Der Frage, warum Kinder und Karriere immer noch so unvereinbar sind, hat sich Anne-Marie Slaughter für The Atlantic angenommen. Deutlich weniger gut ist das Titelbild dazu – Jessica Valenti hat die üblichen „trauriges weißes Kind mit überforderter Karrieremutter“-Bilder gesammelt.
Gruselalarm bei Sat.1: „Auf Brautschau im Ausland“ erfüllt so ziemlich jedes eklige sexistische und rassistische Klischee. Sogar bei Spiegel Online ist man entsetzt.
Apropos Rassismus. Anti-rassistische Kampagnen haben nicht das Ziel, dass weiße Menschen sich schuldig fühlen, betont xojane. Es geht darum, den existenten Rassismus aufzuzeigen, sich dessen bewußt zu werden und etwas dagegen zu tun.
Dazu hat auch Jay Smooth mal wieder ein exzellentes Video.
In der Türkei tobte in der letzten Zeit eine Debatte um das Abtreibungsrecht. Ministerpräsident Erdoğan wollte die Frist halbieren, hat nach dem massiven Protest von Frauenrechtler_innen aber die Pläne wieder begraben, berichtet dieStandard.at. Um Moral und Religion ging es in der Debatte dabei nicht, kommentiert Die Presse, sondern um die Kontrolle weiblicher Körper. Die kommt immer noch an anderer Stelle, so sollen Kaiserschnitte reguliert und auf „notwendige medizinische Fälle“ beschränkt werden.
Bis vor kurzem galt häusliche Gewalt noch als „Privatsache“. Diese Einstellung ändert sich zum Glück gerade, auch durch das Gewaltschutzgesetz. Die Berliner Zeitung berichtet über die Lage in Berlin, wo es immerhin 16.000 Fälle jährlich gibt. Was leider nicht ganz deutlich wird: Das Gesetz gilt auch für gleichgeschlechtliche Paare und weitere häusliche Gemeinschaften, unabhängig vom Geschlecht der Zusammenwohnenden.
Lesbische Pulp Fiction (also „Schundliteratur“ der 30er bis 50er Jahre) hat Retronaut zusammengetragen.
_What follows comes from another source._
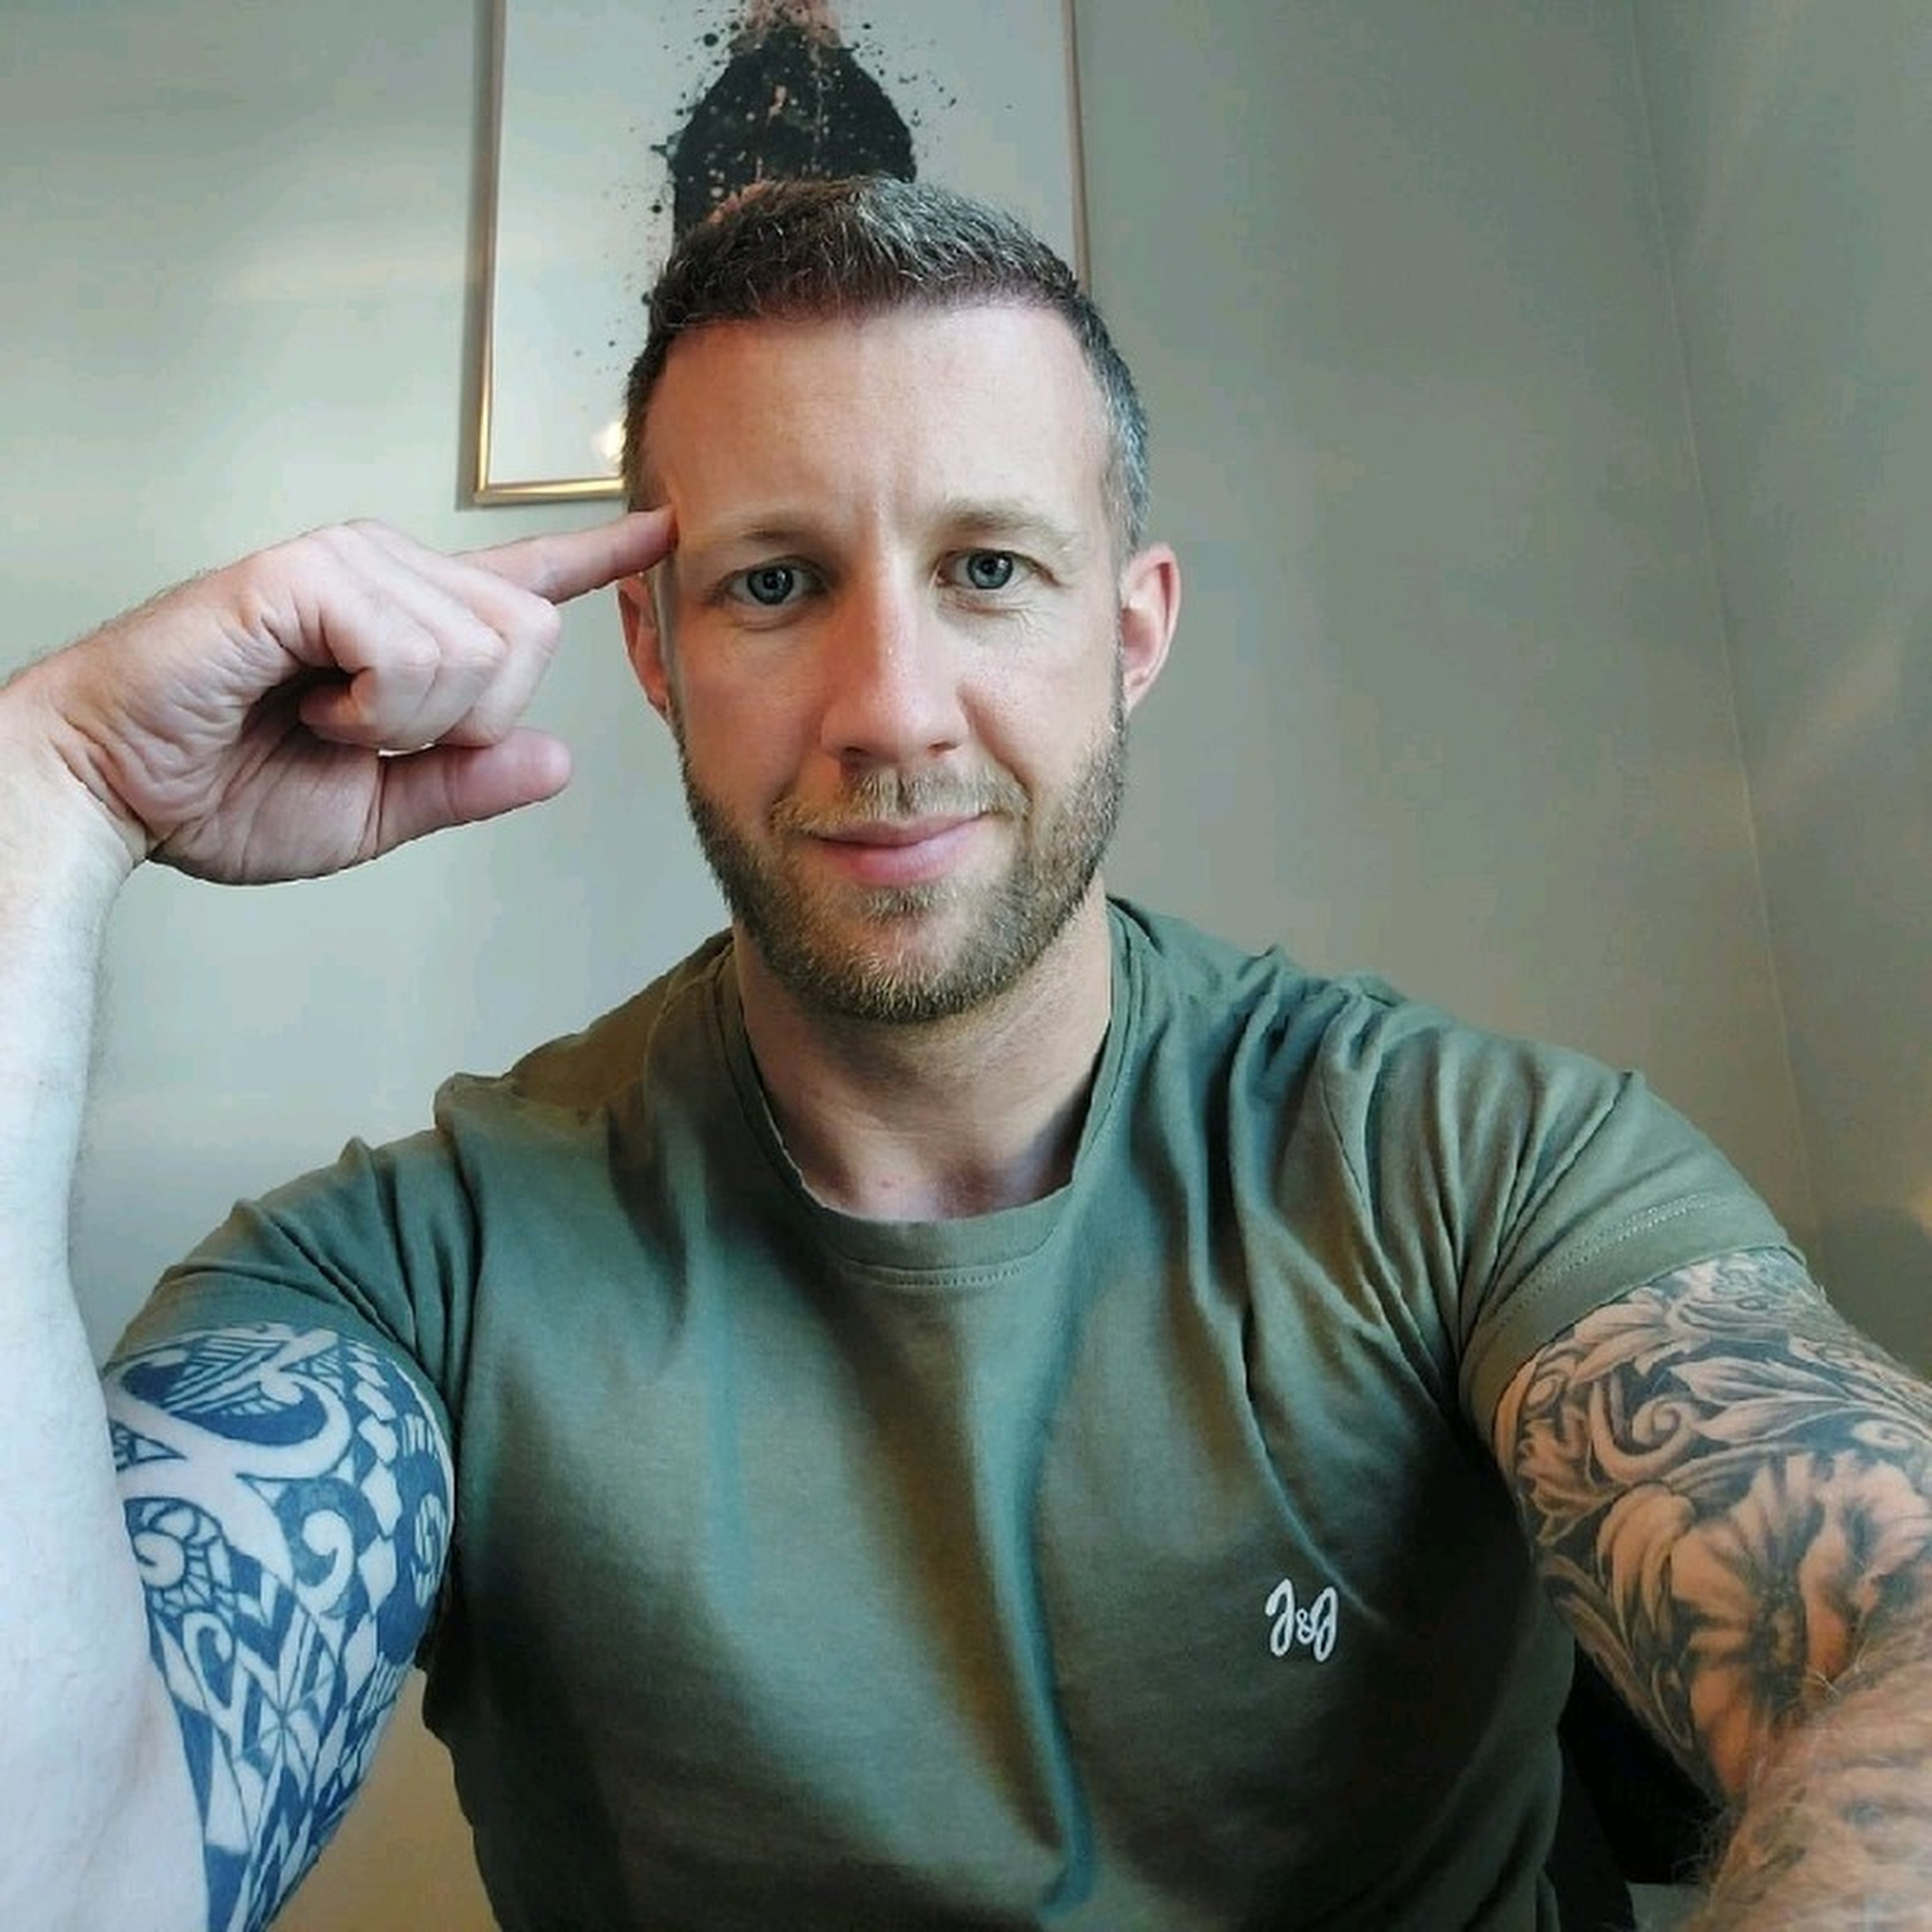 Police say the death of UK former soldier Matthew Trickett, who was accused of spying for Hong Kong alongside two others, was not suspicious. Photo: Linkedin

Die feministische Weltherrschaft, oder zumindest die Medienherrschaft, hatte das Manager Magazin vor kurzem in deutschen Vorstandsetagen ausgemacht. Schlechte Recherche meint dagegen der Verein Pro Quote und hält Zahlen dagegen. Also öfters 0 Prozent Frauenanteil, berichtet Meedia. Not-so-fun-fact: Alle der Vorzeigemedienlenkerinnen sind Töchter oder Ehefrauen von Medienmännern.
Seit diesem Jahr sind nicht nur eingetragene Lebenspartnerschaften sondern auch gleichgeschlechtliche Ehen im US-Bundesstaat Washington legal – so dass Mary Cheney endlich ihre Partnerin heiraten konnte. Dabei war auch ihr Vater Dick Cheney, der als Vizepräsident noch auf dem Verbot solcher Ehen bestanden hatte, so web.de.
Ein Buchtipp vom Nordic Africa Institute ist „Sexuality and Gender Politics in Mozambique“. Die post-kolonialistische Politik in Mosambik berücksichtige vor allem den patrilinear, also an der väterlichen Abstammung orientiert-lebenden Bevölkerungsteil – an den rund 40 Prozent der Bevölkerung in matrilinearen Familien gehe dies aber weitestgehend vorbei.
Erst noch eine gute Nachricht: Der rote Equal Pay Day-Beutel ist wieder erhältlich!
Und nach dem Klick die Termine.
Es sind noch Plätze frei bei der Frauensommerakademie der Rosa Luxemburg Stiftung in der AWO-Akademie Marktbreit vom 5. bis 8. Juli 2012, bei der Magda einen Workshop zu „Sicher, Sichtbar und Aktiv(ismus) im Internet*z“ geben wird.
In Bremen beginnt am Freitag, den 29. Juni das quite queer lab.
Und Rubinia djanes feiert morgen am 28. Juni den 10. Geburtstag in Basel!
Am Samstag gibt es in Frankfurt eine Podiumsdiskussion zum Thema racial profiling.